RECORDS:
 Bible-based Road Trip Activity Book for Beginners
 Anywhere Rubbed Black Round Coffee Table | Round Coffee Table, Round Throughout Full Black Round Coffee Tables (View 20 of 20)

--

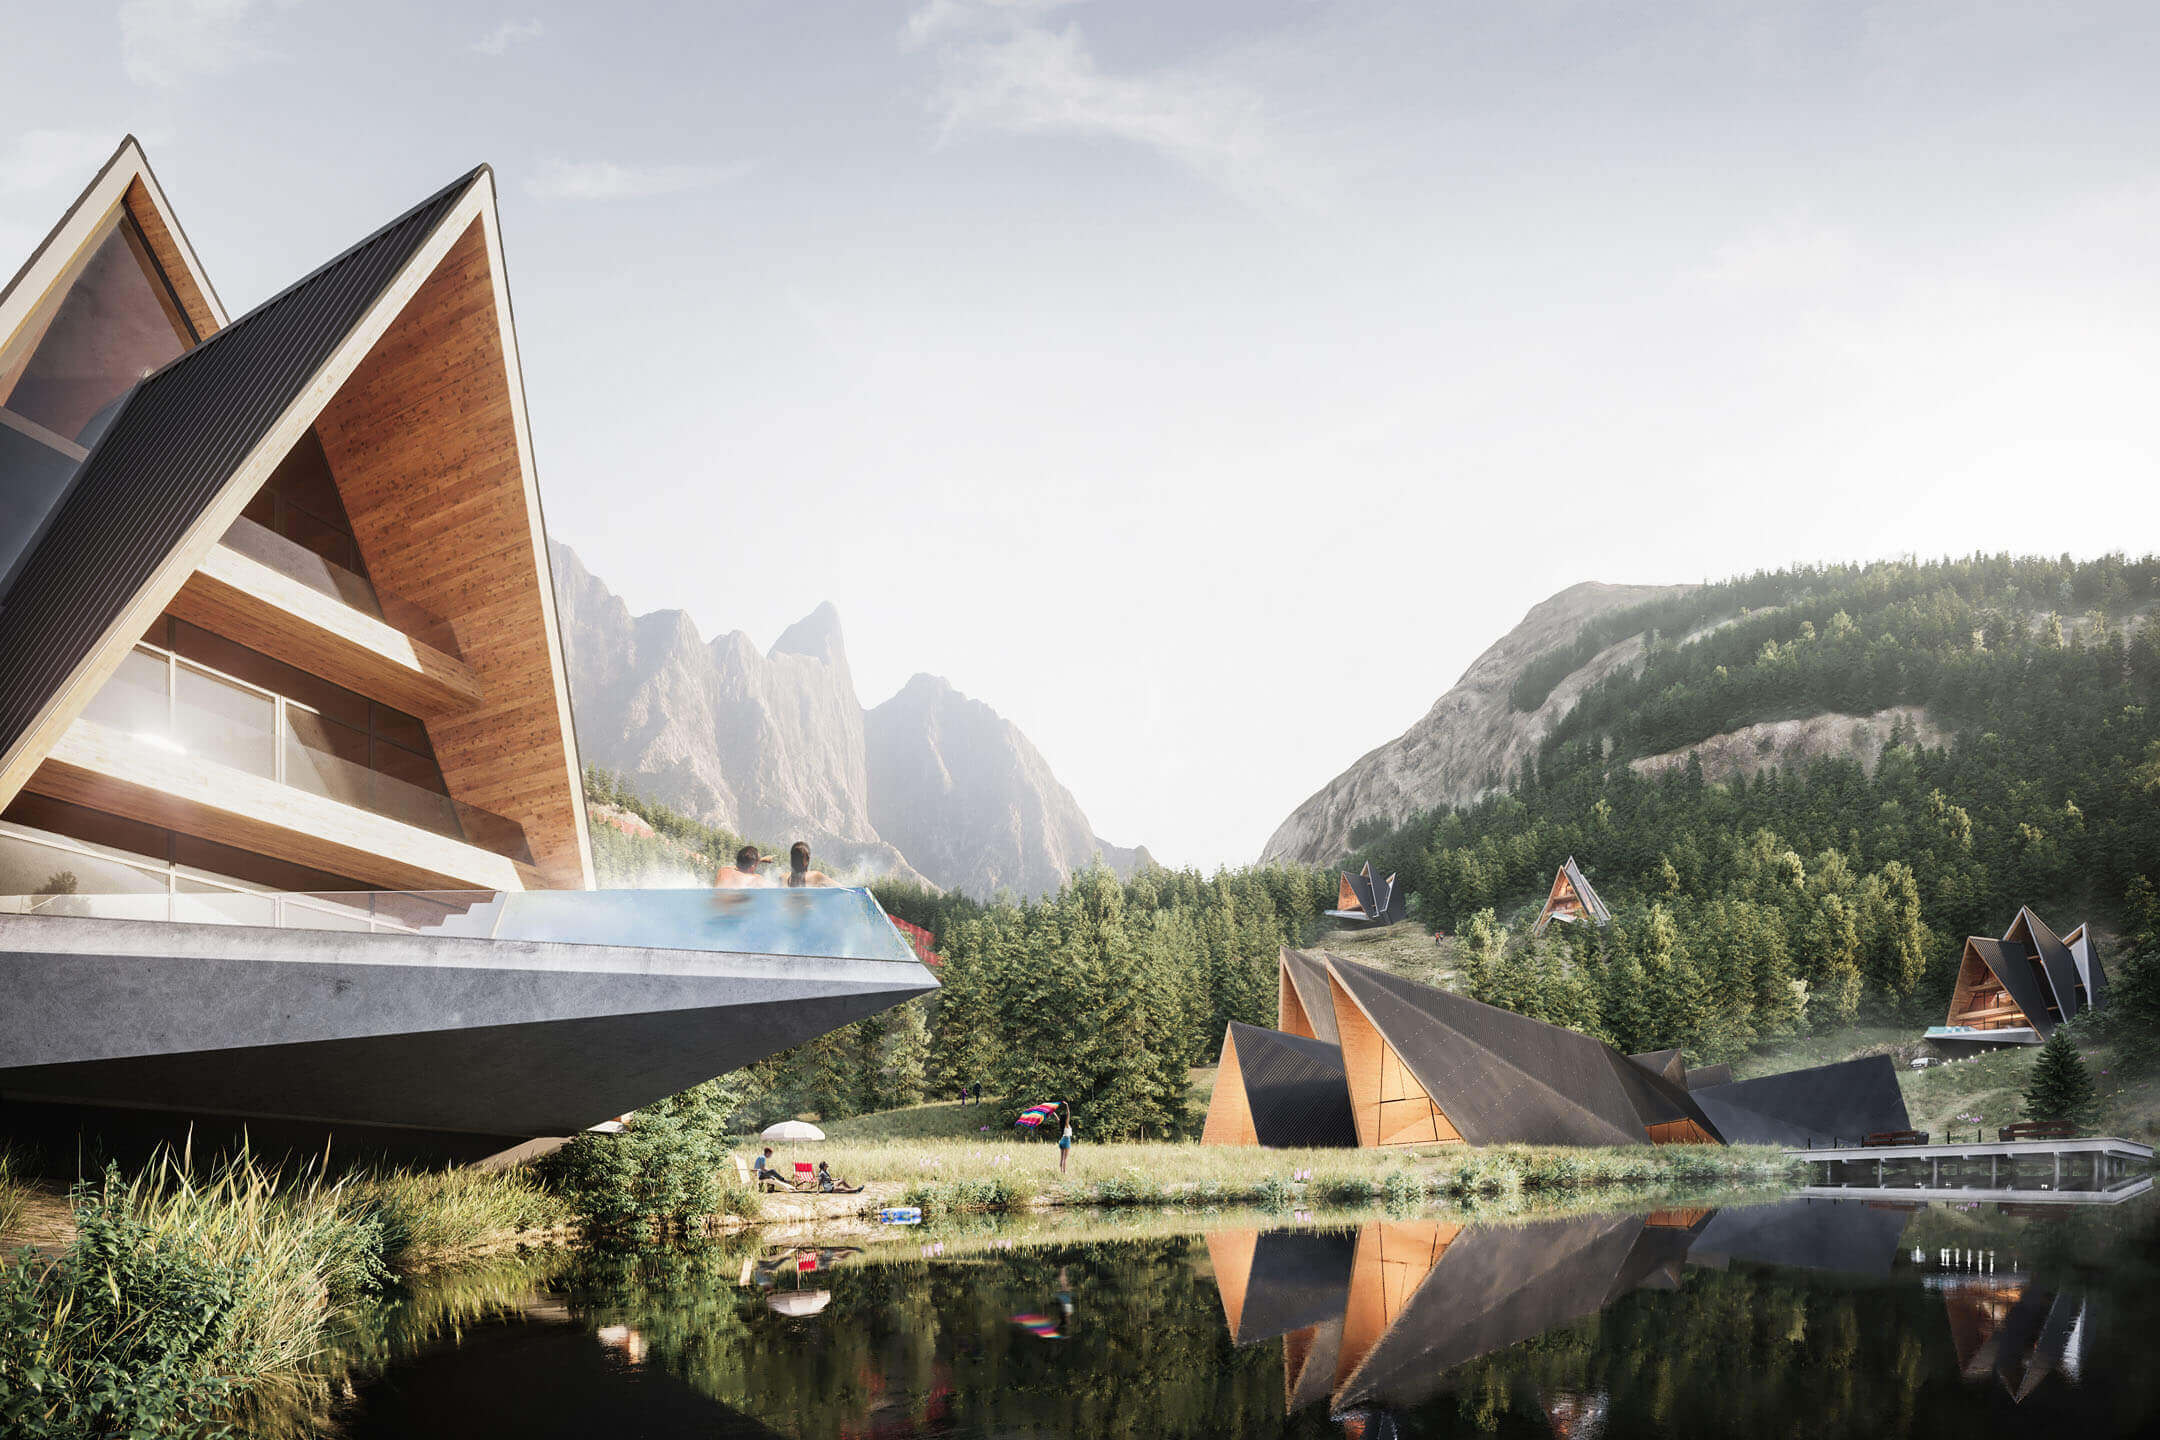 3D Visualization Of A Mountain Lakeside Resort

YOUR ASSIGNMENT:
Once you find the line with "Bible-based Road Trip" above, print it and every line after it up to and including the line with "Anywhere Rubbed Black", exactly as written and nothing else.

THE COMPLETED TASK:
 Bible-based Road Trip Activity Book for Beginners
 Anywhere Rubbed Black Round Coffee Table | Round Coffee Table, Round Throughout Full Black Round Coffee Tables (View 20 of 20)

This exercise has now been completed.